### WORK REQUIRED:
For this task, copy all of the data below exactly and skip the pictures.

### RECORDED INFORMATION:
________
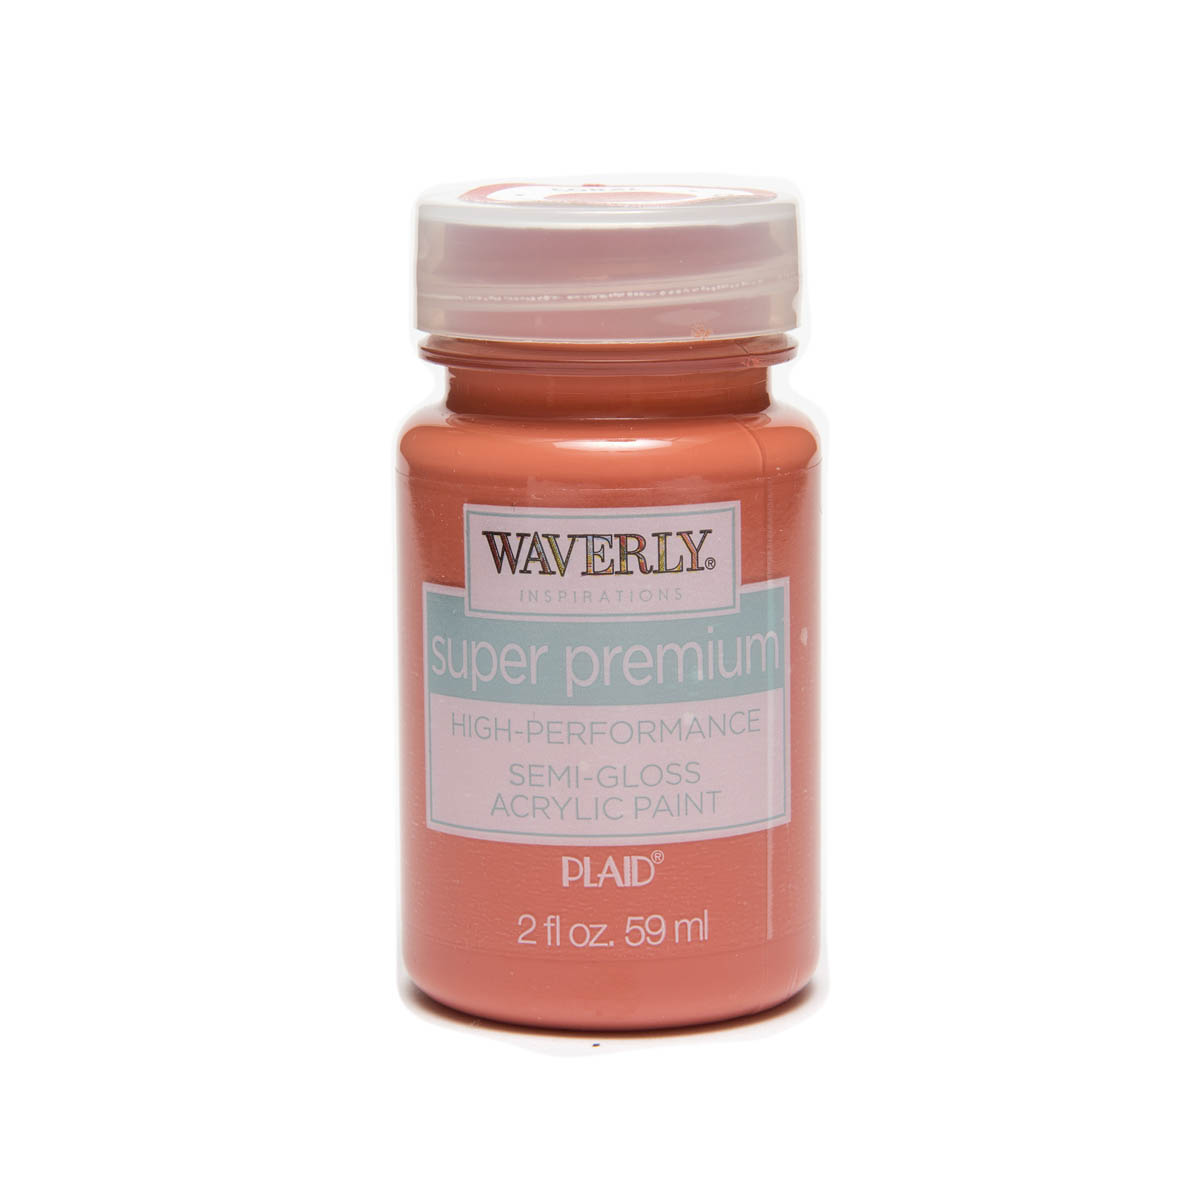 Waverly ® Inspirations Super Premium Semi-Gloss Acrylic Paint - Coral, 2 oz. - 60612E
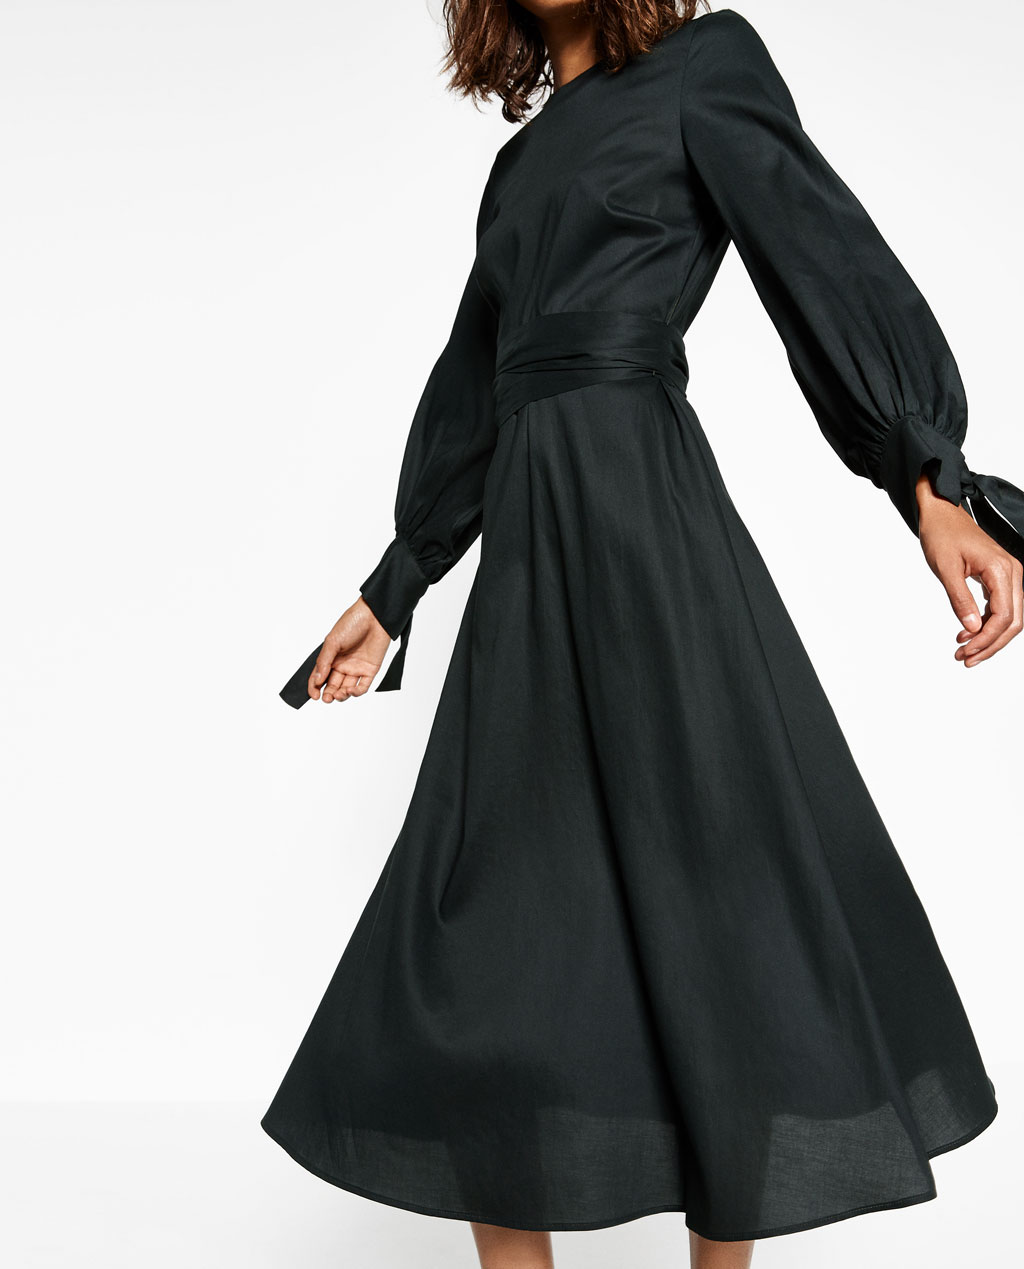 Zara Fitted Dress.jpg
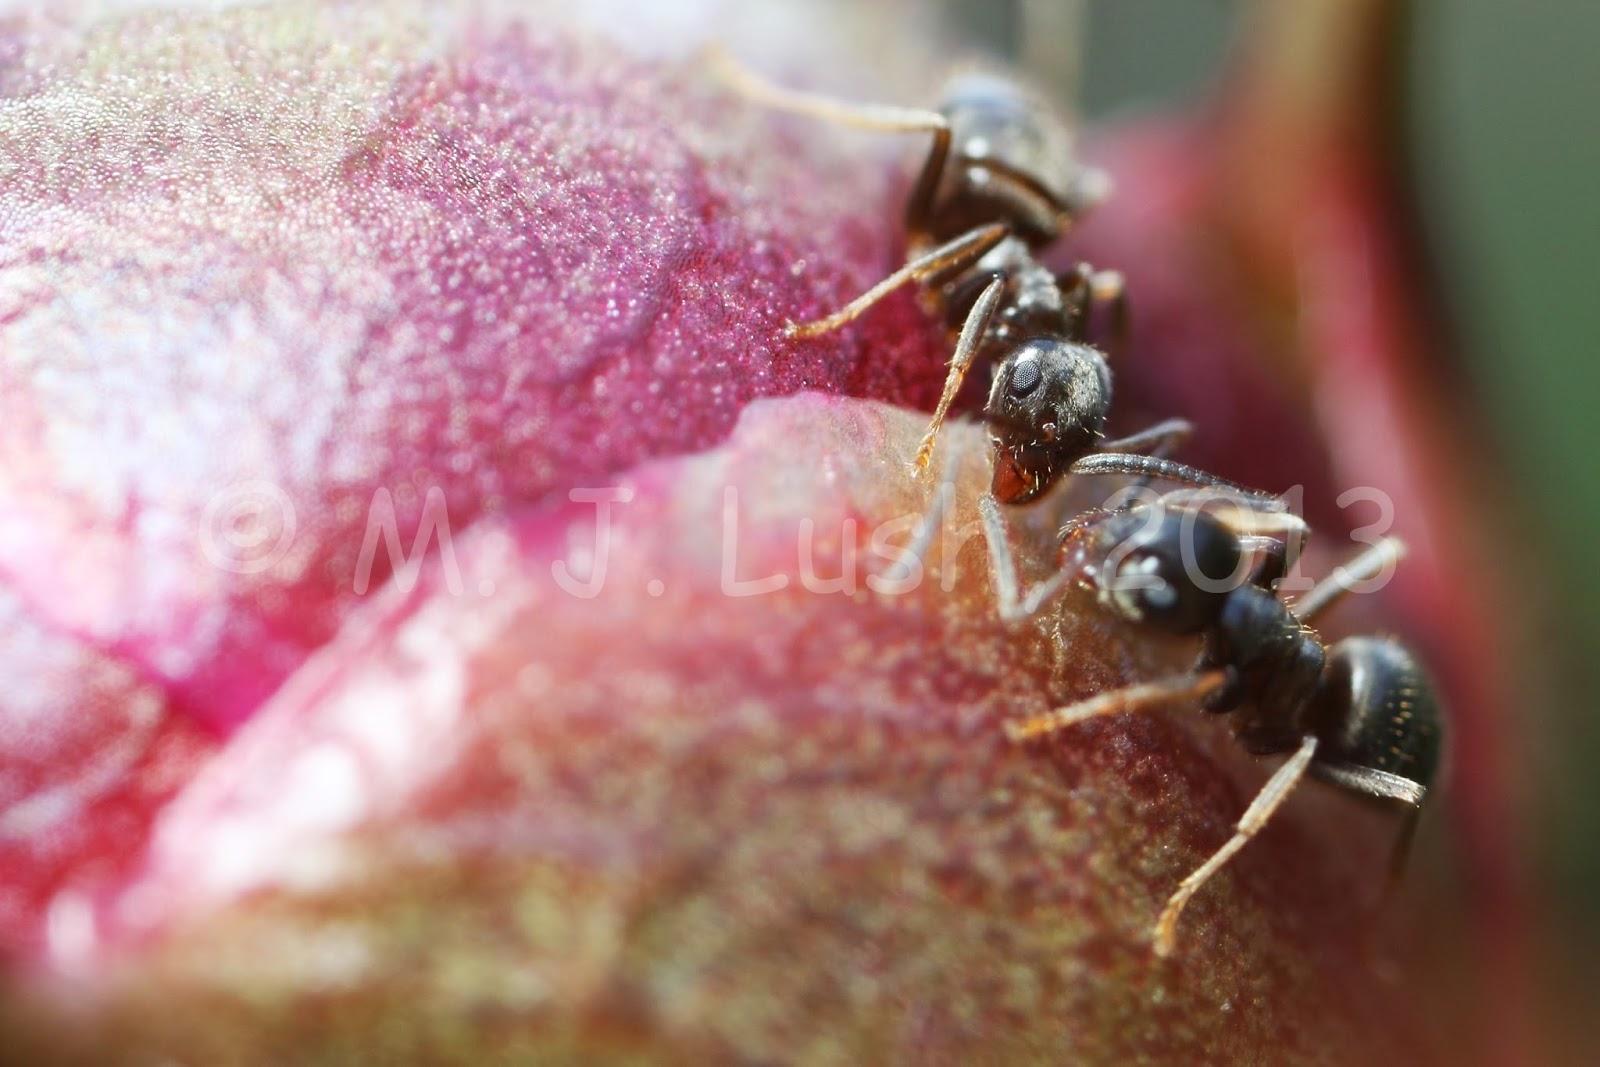 Lasius niger on garden peony
________
### EXERCISE ANSWER:
 Waverly ® Inspirations Super Premium Semi-Gloss Acrylic Paint - Coral, 2 oz. - 60612E
 Zara Fitted Dress.jpg
 Lasius niger on garden peony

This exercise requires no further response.